Your goal:
Take the line that contains "Greater White-fronted Geese" and every line after it in the material below, and quote them exactly.

───── Dataset records

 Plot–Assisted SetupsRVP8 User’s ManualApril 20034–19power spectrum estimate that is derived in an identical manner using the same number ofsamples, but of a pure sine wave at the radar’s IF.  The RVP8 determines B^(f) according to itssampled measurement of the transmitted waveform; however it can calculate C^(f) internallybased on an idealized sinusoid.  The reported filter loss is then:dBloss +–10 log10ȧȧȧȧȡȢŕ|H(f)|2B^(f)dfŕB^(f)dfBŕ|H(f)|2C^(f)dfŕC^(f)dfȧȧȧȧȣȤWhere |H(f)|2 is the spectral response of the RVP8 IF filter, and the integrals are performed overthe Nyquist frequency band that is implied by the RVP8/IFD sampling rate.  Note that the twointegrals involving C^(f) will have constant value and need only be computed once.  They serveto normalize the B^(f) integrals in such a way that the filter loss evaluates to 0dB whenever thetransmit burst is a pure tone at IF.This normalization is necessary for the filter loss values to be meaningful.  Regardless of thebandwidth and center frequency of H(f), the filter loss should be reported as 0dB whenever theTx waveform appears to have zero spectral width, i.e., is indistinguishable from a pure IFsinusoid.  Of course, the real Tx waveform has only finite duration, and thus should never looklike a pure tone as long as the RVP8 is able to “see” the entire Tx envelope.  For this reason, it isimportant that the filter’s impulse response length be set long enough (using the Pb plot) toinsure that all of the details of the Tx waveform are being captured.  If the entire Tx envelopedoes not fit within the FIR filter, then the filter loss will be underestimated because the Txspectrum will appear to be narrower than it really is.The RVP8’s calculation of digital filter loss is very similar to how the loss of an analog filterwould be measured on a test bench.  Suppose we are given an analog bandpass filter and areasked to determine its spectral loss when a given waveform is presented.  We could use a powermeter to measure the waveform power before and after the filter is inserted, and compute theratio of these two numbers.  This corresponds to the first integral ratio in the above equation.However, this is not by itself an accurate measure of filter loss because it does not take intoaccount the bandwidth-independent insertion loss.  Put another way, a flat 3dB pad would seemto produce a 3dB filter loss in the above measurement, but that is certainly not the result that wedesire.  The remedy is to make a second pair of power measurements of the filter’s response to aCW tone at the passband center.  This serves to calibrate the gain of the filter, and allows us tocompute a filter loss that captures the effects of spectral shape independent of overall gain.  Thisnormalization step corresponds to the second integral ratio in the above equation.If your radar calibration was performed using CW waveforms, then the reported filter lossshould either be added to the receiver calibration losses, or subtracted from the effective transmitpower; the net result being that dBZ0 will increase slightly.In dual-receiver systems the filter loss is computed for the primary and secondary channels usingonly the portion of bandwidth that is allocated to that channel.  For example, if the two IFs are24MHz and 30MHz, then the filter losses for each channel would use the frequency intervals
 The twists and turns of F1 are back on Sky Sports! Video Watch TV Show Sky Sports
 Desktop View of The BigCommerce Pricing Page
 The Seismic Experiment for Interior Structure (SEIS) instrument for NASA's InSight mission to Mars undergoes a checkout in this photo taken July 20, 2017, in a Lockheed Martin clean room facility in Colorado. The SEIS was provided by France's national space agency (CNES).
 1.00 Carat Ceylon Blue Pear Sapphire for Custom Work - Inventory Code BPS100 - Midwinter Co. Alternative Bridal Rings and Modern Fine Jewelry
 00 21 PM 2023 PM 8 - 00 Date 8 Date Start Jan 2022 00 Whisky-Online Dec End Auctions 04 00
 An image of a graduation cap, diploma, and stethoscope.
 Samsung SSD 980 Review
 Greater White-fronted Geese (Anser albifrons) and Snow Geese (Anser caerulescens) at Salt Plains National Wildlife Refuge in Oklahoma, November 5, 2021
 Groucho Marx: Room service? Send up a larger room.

──────────

Completed exercise:
 Greater White-fronted Geese (Anser albifrons) and Snow Geese (Anser caerulescens) at Salt Plains National Wildlife Refuge in Oklahoma, November 5, 2021
 Groucho Marx: Room service? Send up a larger room.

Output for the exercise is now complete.